Currently the longevity of certain medical implants suffers because bacteria, cells and proteins in the body gradually accumulate on the devices (known as fouling), compromising their performance and threatening patients with infections. Unfortunately, the polymers that studies have shown to be effective at antifouling do not last long in-vivo, falling prey to chemical degradation or to the body's enzymes.
In contrast, the molecular compound developed at Northwestern, which sticks securely to a surface and prevents cell and protein buildup, works for a long period of time.
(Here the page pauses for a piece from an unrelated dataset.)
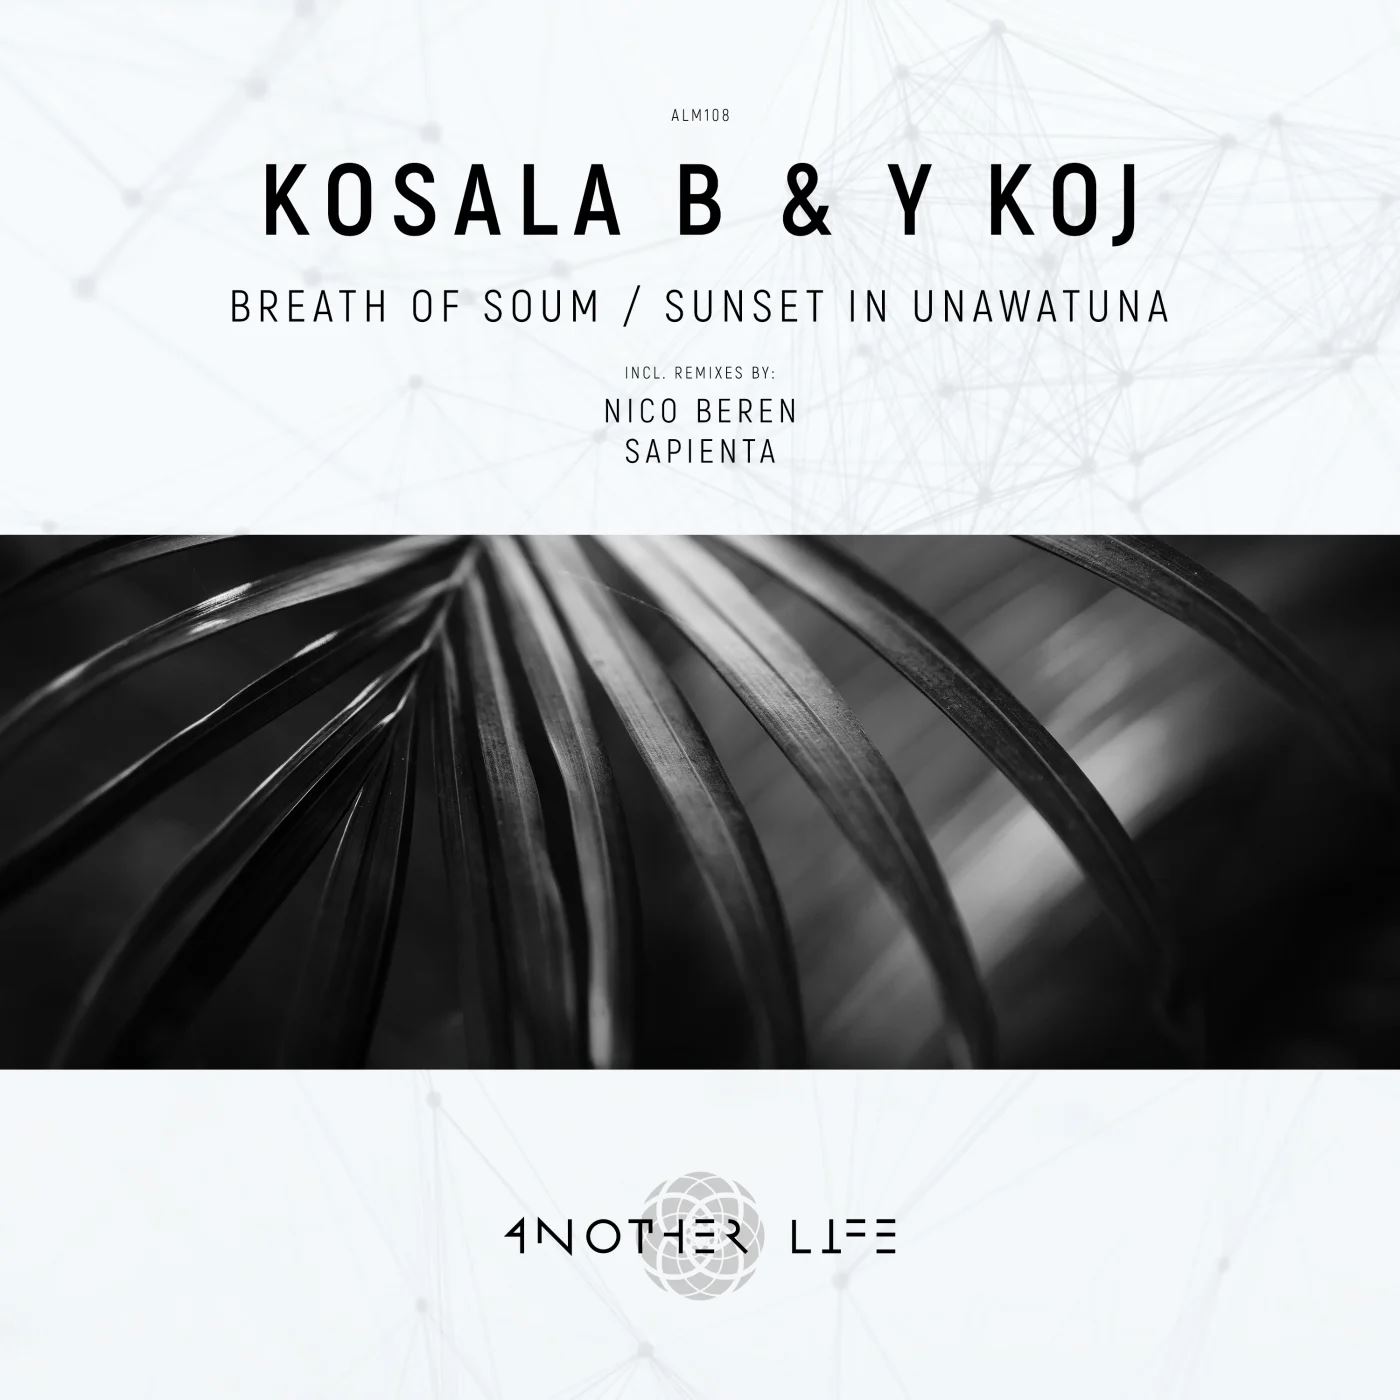 Kosala B & Y KOJ - Breath of Soum - Sunset in Unawatuna [ALM108]

In laboratory studies, the new coating provided effective fouling resistance for more than five months, which Phillip B. Messersmith, associate professor of biomedical engineering in the McCormick School of Engineering and Applied Science and lead investigator in the study, believes to be the longest successful in-vitro antifouling demonstration.
The findings are published online today (May 13) by the Journal of the American Chemical Society, a peer-reviewed publication of the American Chemical Society, the world's largest scientific society.
While the coating has not been tested in humans, it holds promise for use on a variety of medical implants including urinary catheters, cardiac stents, biosensors and dental implants and devices. The coating also could be used to prevent the biofouling of water processing equipment, ship hulls and other manmade structures in the marine environment.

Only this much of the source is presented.